Almost three months have passed, and I have yet to post a blog about my research. You are all probably wondering what I am doing here.
I thought I would start by stating why I chose to research women with gestational diabetes. First, it is well known that pregnant women with gestational diabetes are instructed to follow a healthy diet with a primary focus on the reduction of the consumption of carbohydrates. They are also advised to exercise 30 minutes a day, five days a week with doctor’s permission. Thus, I hypothesized that if women could look at the disease like a red flag or a teaching point and make those proper lifestyle changes, then they could prevent themselves and their unborn-child from developing type 2 diabetes.
Coincidentally, the word on the street at the hospital’s annual meeting resonated with my objective: the prevention of type 2 diabetes starts in the womb. I guess the idea was not that original after all. However, there are still no studies that have researched gestational diabetes in a Mexican population from a qualitative approach.
Since 2000, diabetes mellitus (DM) has been controversially declared as the number one cause of death for women in Mexico. Nationally, 7.3% of women in Mexico are suffering from DM. The high rates of DM can be attributed to well-known risk factors such as obesity, as well as gestational diabetes mellitus (GDM), or diabetes during pregnancy. More sobering statistics show that for women of child-bearing age, between 20-29 years old, almost 50% are overweight or obese, while the percentage is as high as 70% for women 30-39 years old. Other risk factors include: family members with diabetes, Hispanic ethnicity, history of GDM or glucose intolerance, women 25 years and older, and women with children that weighed more than 4kg at birth. With all of that being said, the prevalence of GDM at the Instituto Nacional de Perinatología was 5.3% in 2007.
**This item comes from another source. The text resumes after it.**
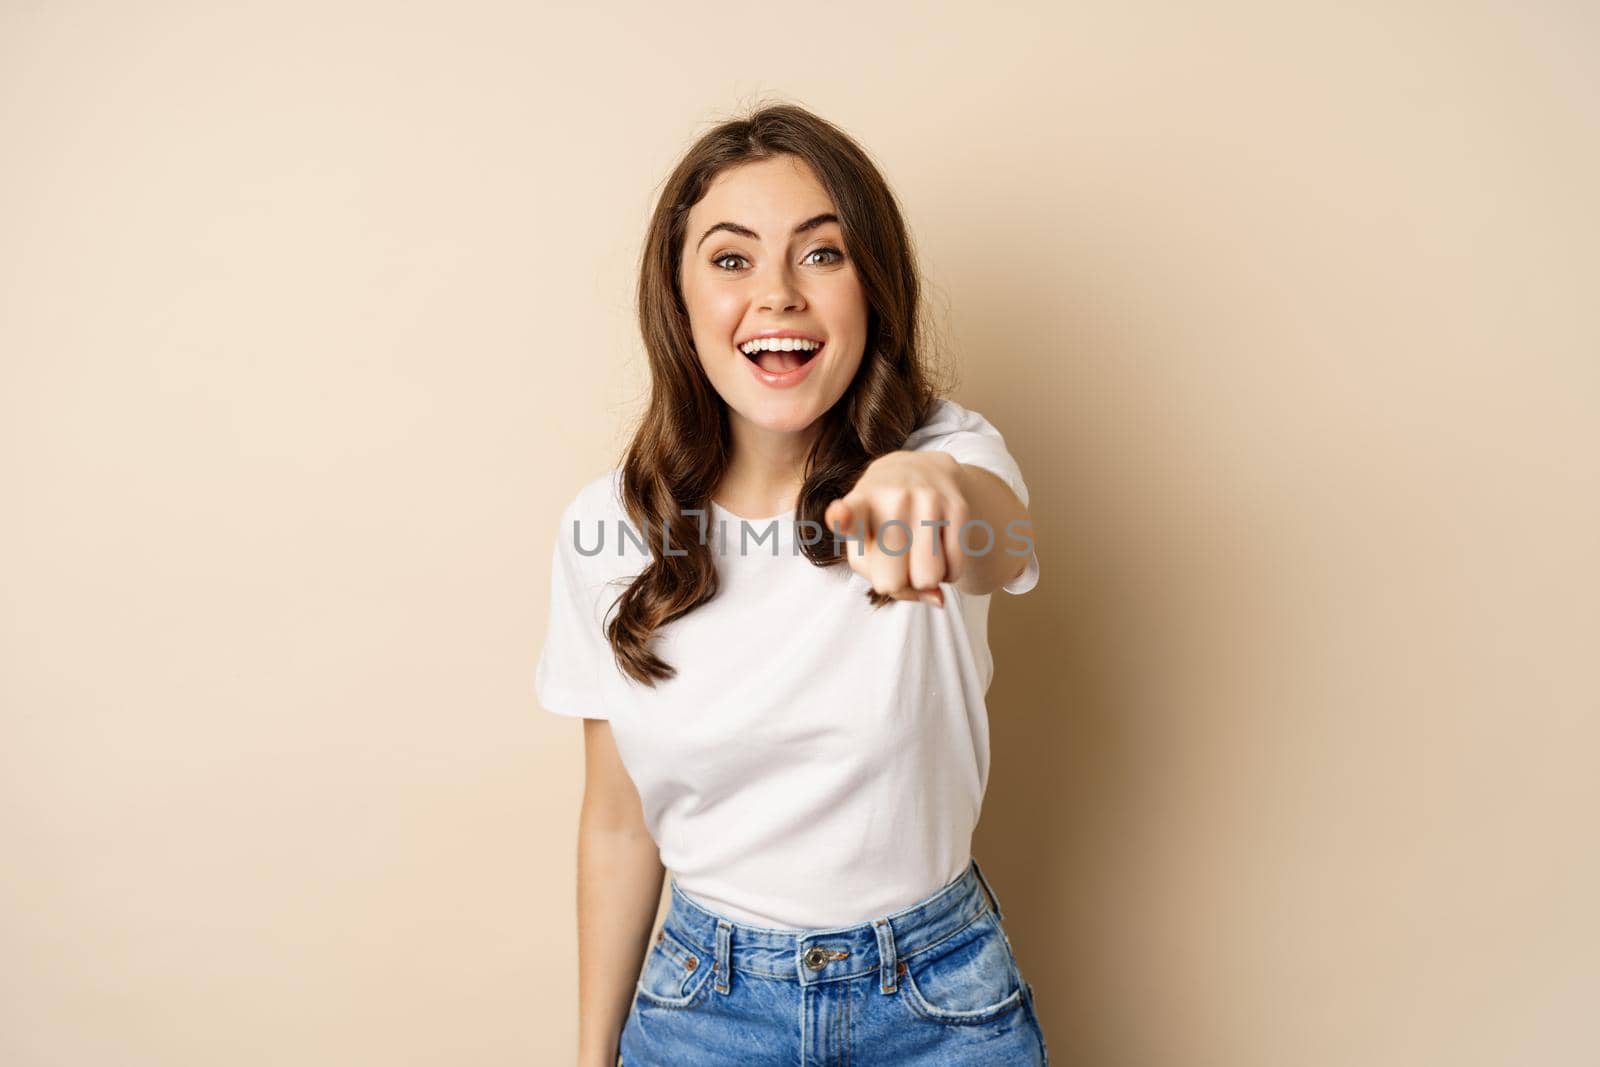 Its you, congrats. Smiling beautiful woman pointing finger at camera, congratulating, praising you, standing over beige background.

Definition of Gestational Diabetes Mellitus
GDM is defined as "carbohydrate intolerance of variable severity with onset or first recognition during pregnancy.” (1) GDM is characterized by insulin resistance and the failure to produce adequate amounts of insulin; the hormone responsible for the up-take of glucose from the blood. While insulin resistance is a normal symptom in pregnancy, the pancreas should be able to compensate and produce more. Those women who can not produce the extra insulin are considered to have GDM.
1. Gabbe S. The gestational diabetes mellitus conference. Diabetes Care 1998; 21 Suppl 2: B1-2.
Objective and Methods
The purpose of my research is two-fold: 1) to evaluate the treatment program provided for women with gestational diabetes (Medical Nutrition Therapy Program) and 2) to help explain the phenomenon of gestational diabetes in a small group of women from a socio-cultural perspective where I will compare participants with good blood glucose control to women with poor control. I have chosen to take a sociological, qualitative approach to study diabetes because the disease is not just a biological manifestation, but psychological and sociological.
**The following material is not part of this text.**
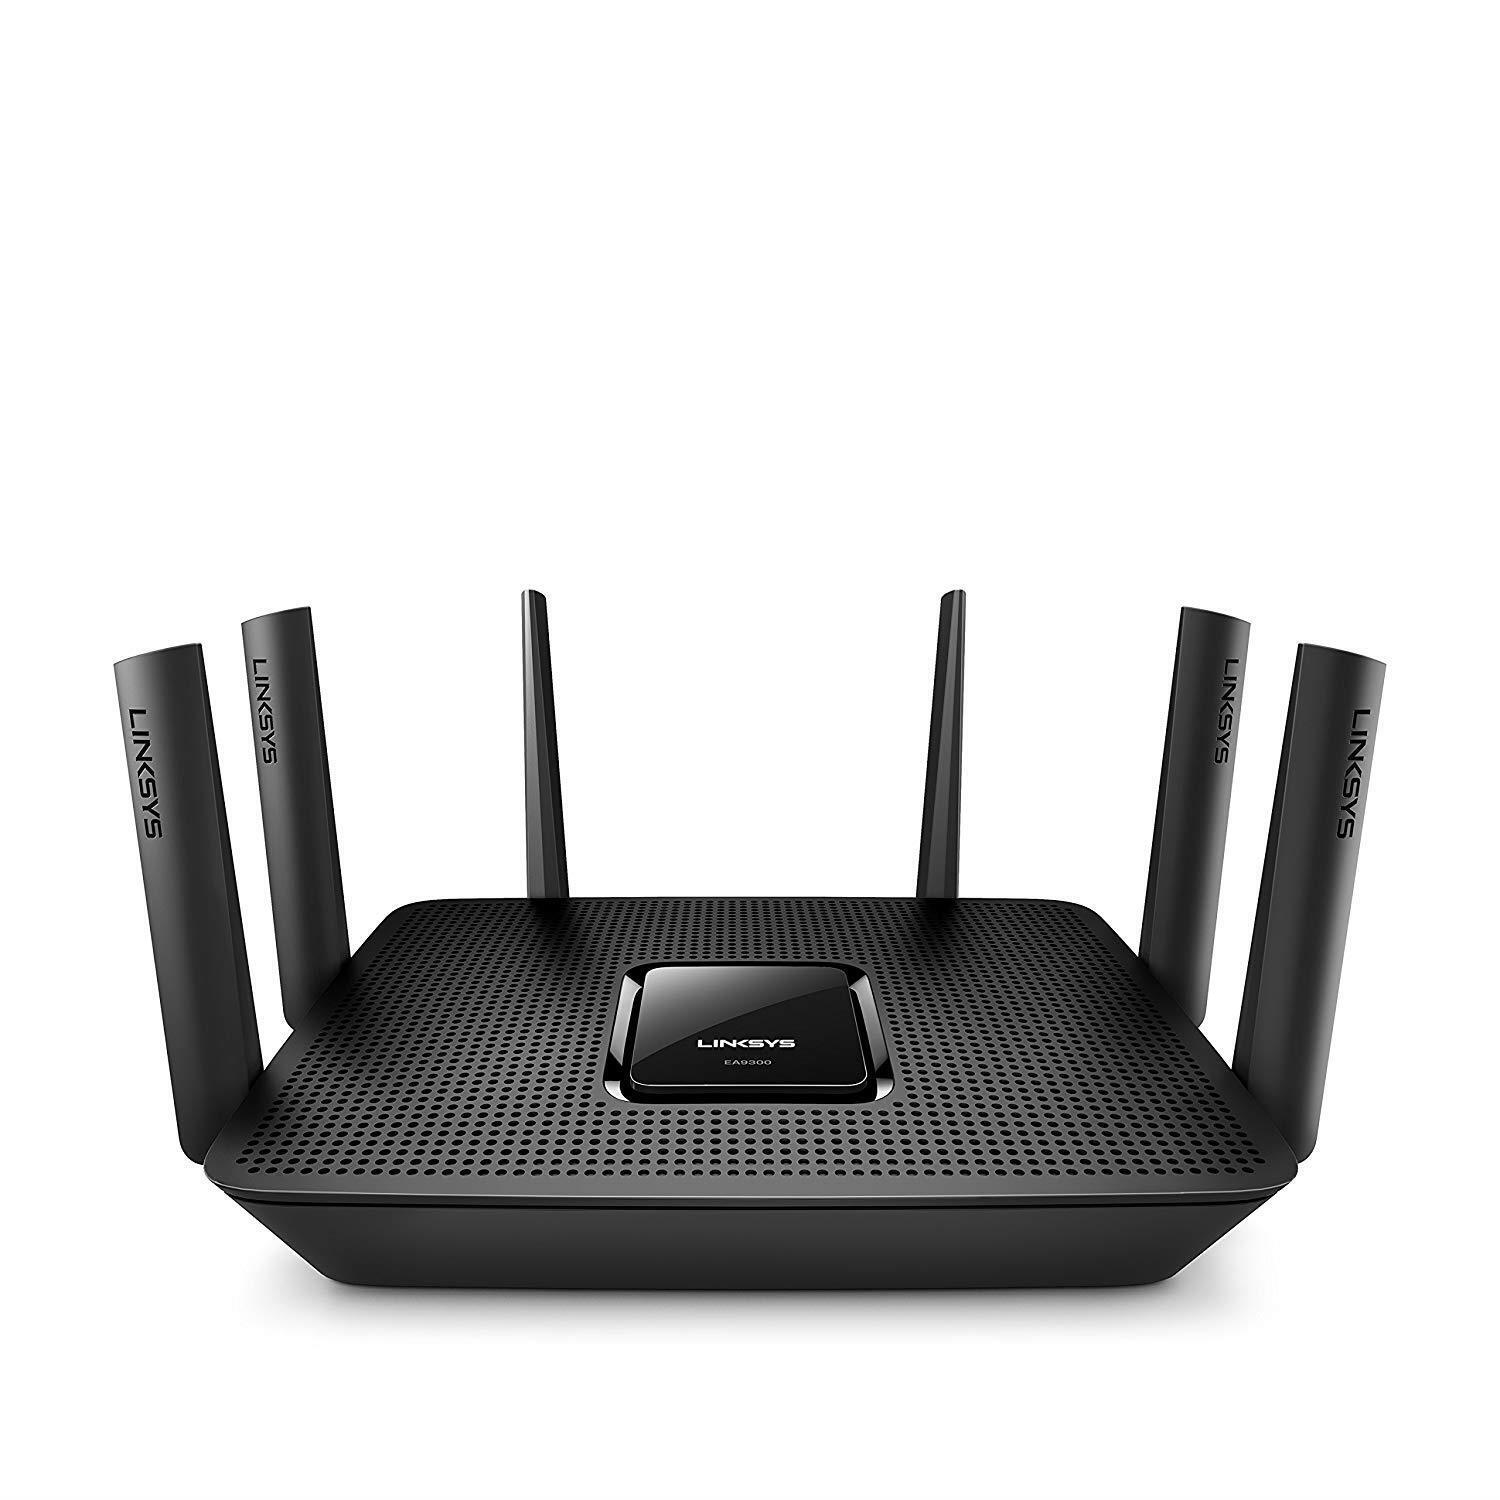 Defective Linksys EA9300 AC4000 Wireless Router - As IS

I will collect the information with a combination of in-depth interviews, questionnaires and by making observations. Since I cannot follow the patients to their homes to study how and why they do/do not follow their treatment plan, I will capture the data by asking them questions about their perceptions, knowledge and self-care practices surrounding dietary habits, glucose monitoring and physical activity. In addition, I will explore their level of diabetes-related knowledge and their perception of the care that they receive from INPer. Secondly, I will use the questionnaires to describe the demographics of the patients and to take a relatively larger sample (30 women) of how women adhere to their treatment plan. Lastly, I will observe dietitian consultations, patient visits with the endocrinologists and talks on diabetes for women recently diagnosed with the disease.
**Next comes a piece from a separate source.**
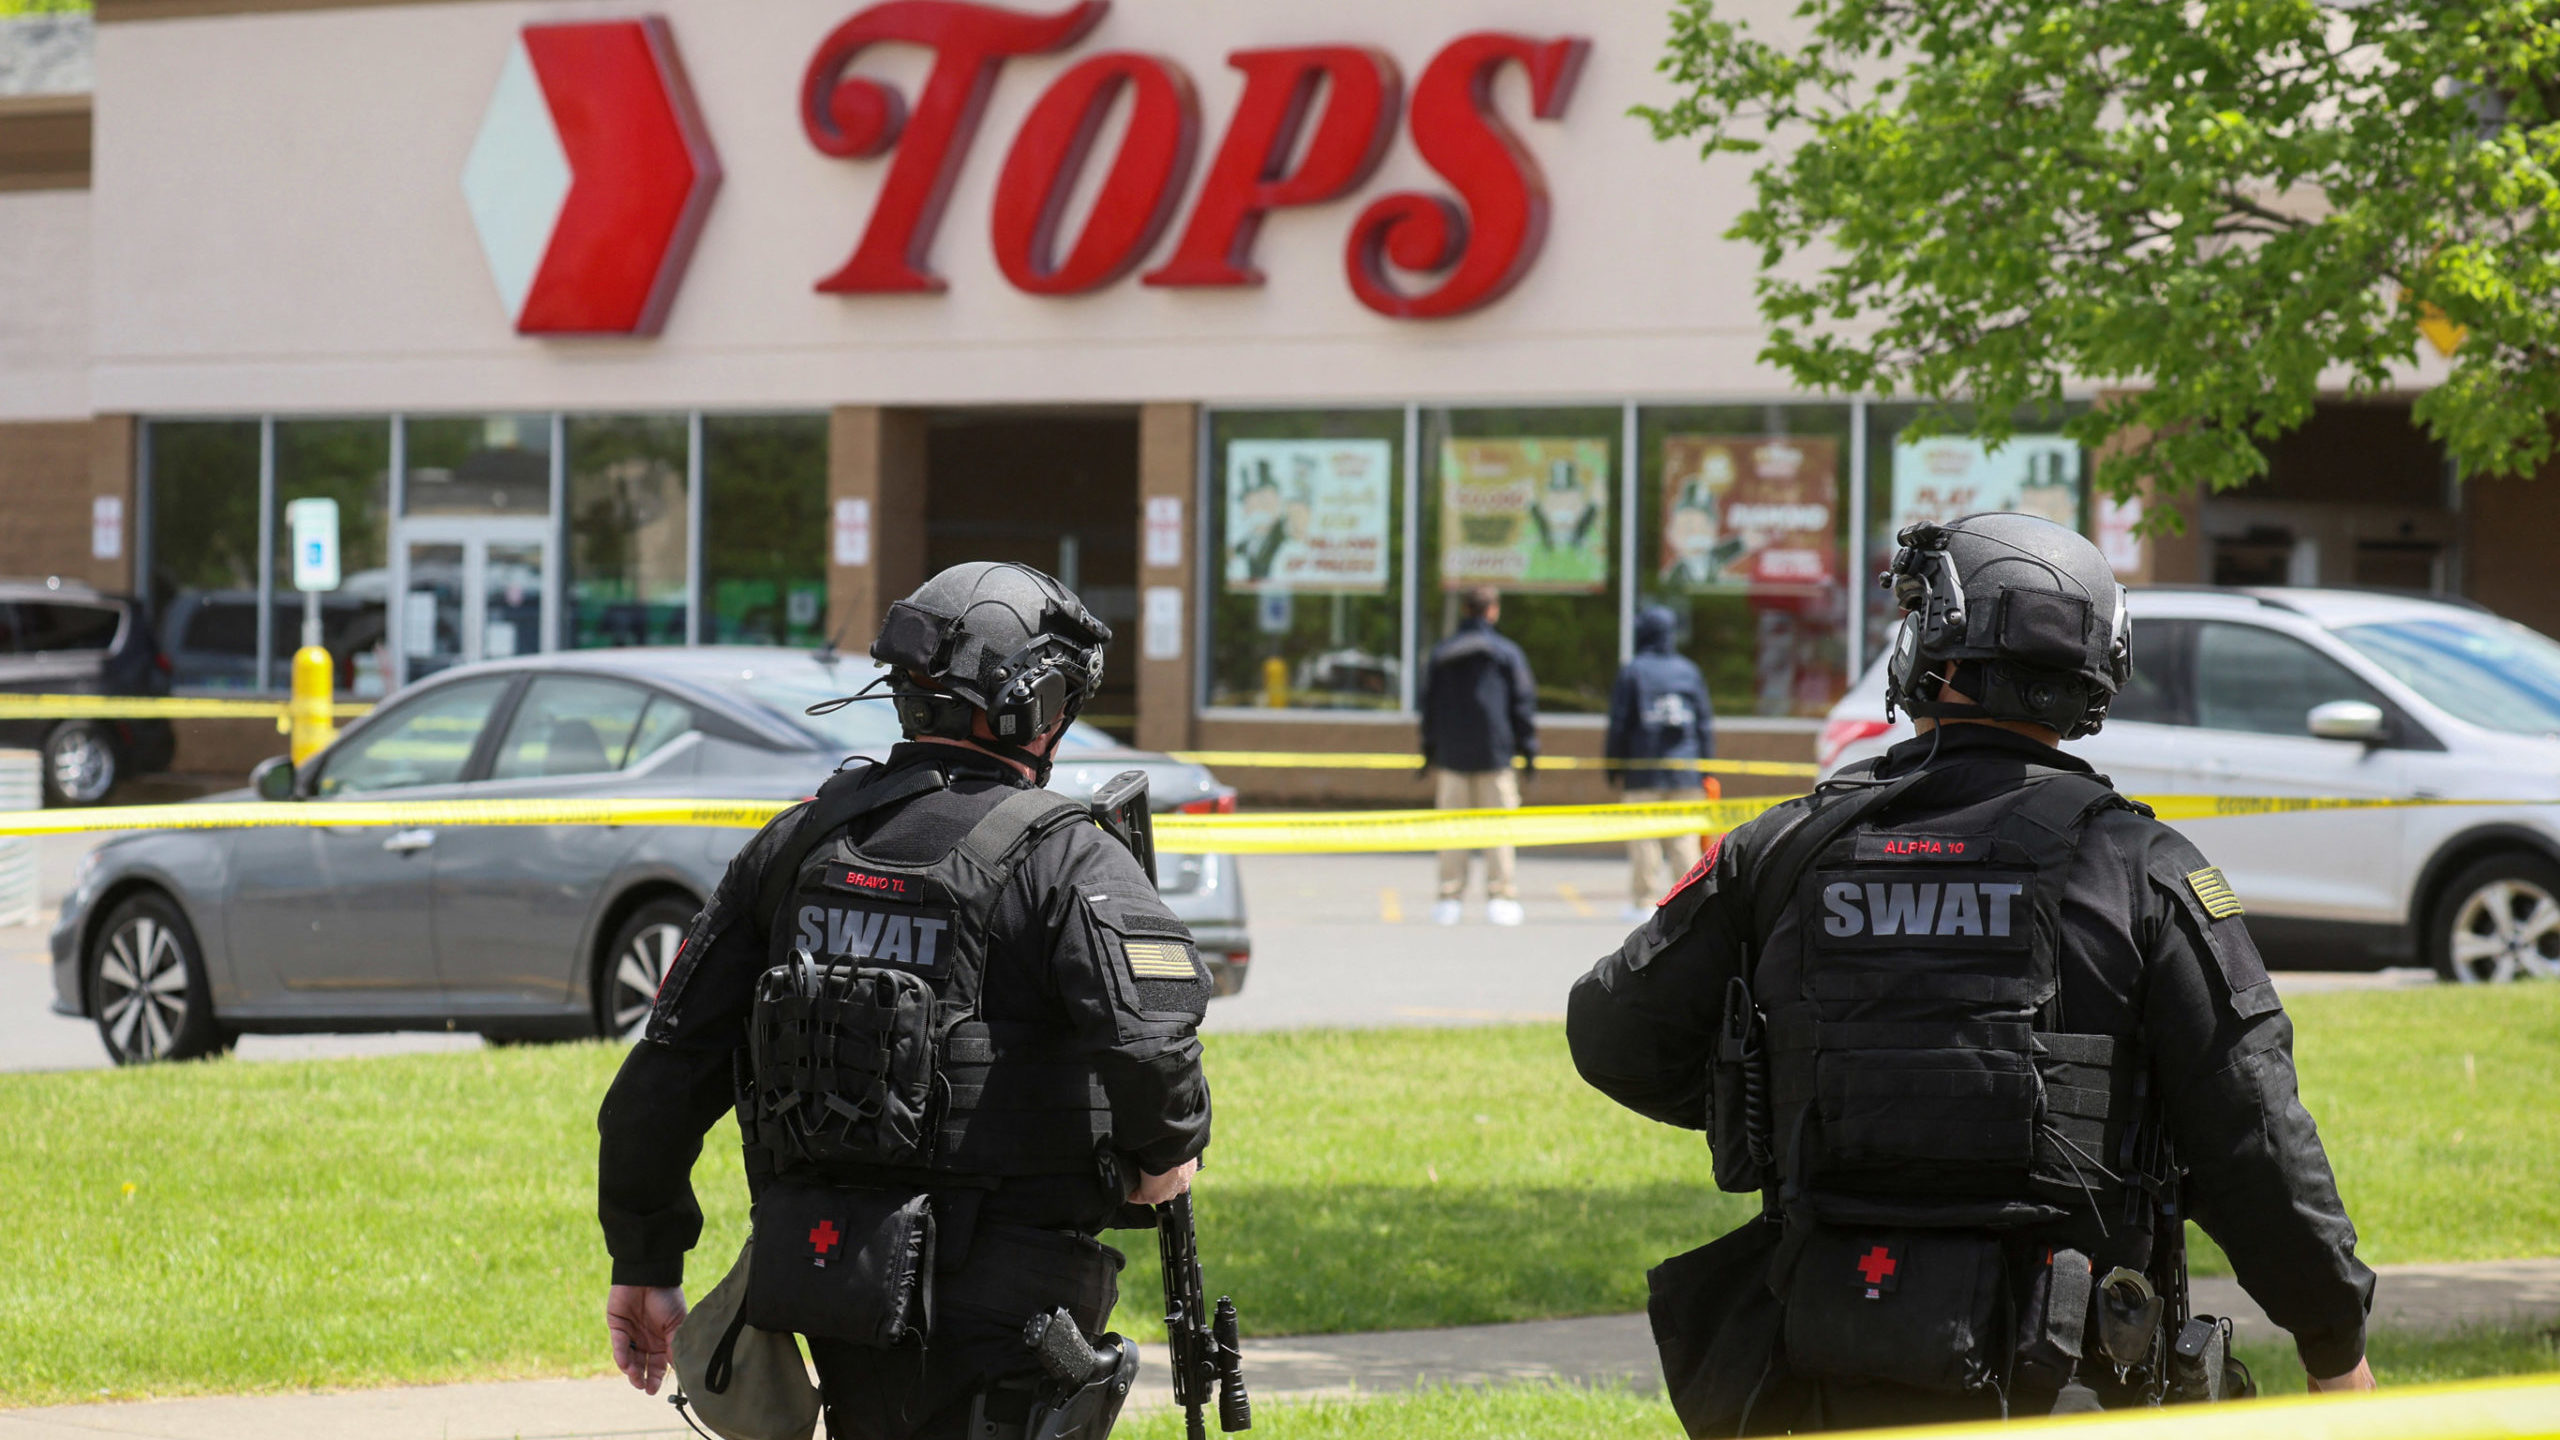 Members of the Buffalo Police department work at the scene of a shooting at a Tops supermarket in B...

Evaluation of the Medical Nutrition Therapy Program
The dietitians and rotating-nutrition students base their diet consultations on the Medical Nutrition Therapy program designed for women with gestational diabetes. Due to a lack of resources, it is not the exact same MNT program that is applied in the US. However, all patients are given an individualized diet, as well as educational materials with a diet plan and recommendations for exercise. At the first visit, a nutritional history is taken of the patient. A diet is then constructed using the number of calories assigned by the endocrinologist, based on weeks of gestation and her pregestational weight. The patients are restricted to eating a diet with 42% carbohydrates (people without diabetes are allotted 50-60% of carbohydrates daily). The quantity of carbohydrates is broken up into fourths, where the patients are usually told to eat ¼ of their daily rations with breakfast, 2/4 with lunch (the biggest meal of the day) and ¼ with dinner. Also, they are told to follow a schedule for their meals and snacks. Lastly, women are taught the different food groups, how they should be combined and what portion sizes are.
The latest and greatest
Currently, I am applying the questionnaires with the help of one of the nurses. The process is slow but steady. I plan to have the 30 questionnaires finished before I go home in December. I continue to make observations on a weekly basis; jotting down anything from what I see and hear in the consultation rooms to the waiting areas. With respect to the interviews, we had our first patient this past Thursday. She was a great informant, as she only had to be asked one question and she would provide us with a 20 minute answer. Moreover, the information that she gave us supported the observations that I have been making over the past three months; I was quite excited.